Photo credits to Reality Tour

#6 Saree shopping
When in India you have to go saree shopping, it’s a must! It is such an enjoyable experience where you get to select all the pretty material designs and being draped in the chosen material. Sarees can range from 800 rupees ($16.50 AUD) and up. Even if you do not buy a saree it is worth the experience trying one on!

Being draped in a store


Learning how to put a saree on
Components of a saree

#7 Bandra- Worli Sea Link
The bridge is an unforgettable structure and an icon of Mumbai. Thankfully our hotel room has the perfect view.

View from our room
Photo credits to Margot

#8 Marine Drive
During the night it is worth driving or walking along Marine Drive. The lights are lit up along the coast and it is a pleasant atmosphere, even with the touchy couples in the background. 

#9 Kala Ghoda festival
If you decided to visit Mumbai during February, the Kala Ghoda festival it is usually held on the first Saturday and closes on the second Sunday. It is an art and cultural festive held in Kala Ghoda area of South Mumbai. The lively ambiance is filled with market stalls, food stalls and art sculptors throughout the street. There is a program for each day ranging from stand-up comedy, literature, theater and music.

Entrance to Kala Ghoda
The beautiful lanterns

#10 Relax day
If you are lucky enough to stay in a nice place such as a hotel. Take advantage of sleeping in, having a bath, abusing the breakfast buffet or relaxing by the pool with a good book and swim.

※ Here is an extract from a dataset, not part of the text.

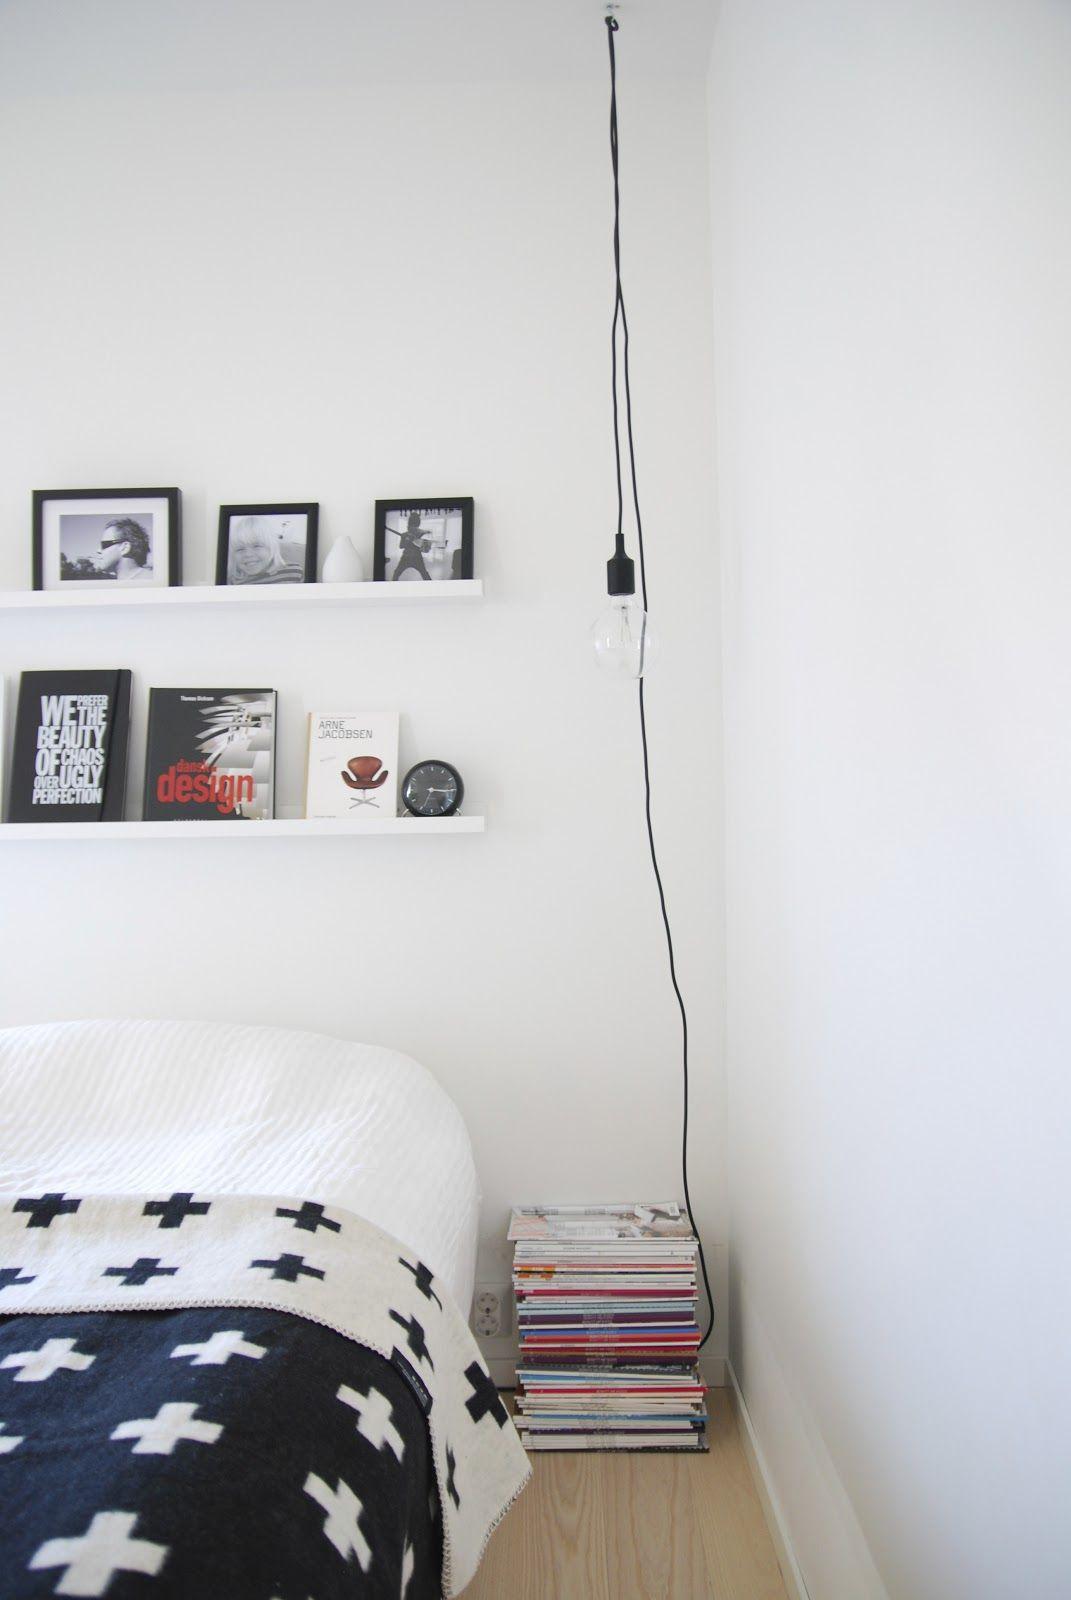 Via Fargebarn | Bedroom | Black and White | Pia Wallen Blanket

Who doesn’t love a bubble bath?


Transportation: Use uber as you would get ripped off with normal taxis. Also, auto rickshaws do not go to South Mumbai.
: Hakkasan, an Asian inspired restaurant. Will recommend the crispy duck salad. Went there during Chinese New Year and the ambiance was fabulous. There is also a famous nightclub in the building. NOTE: As we were staying in the Taj Land Ends we didn’t take the opportunity to explore other restaurants and café.


Overall the Bollywood capital has a vibrate and lively atmosphere. With it’s British Raj influence and the mix of religions including Hindu, Muslims, Christians the city illustrates a diverse range of people. The hustles of the crowds and the diverse architecture capture the city life.


Till next time, -M

*NOTE all photos are taken by me unless stated otherwise.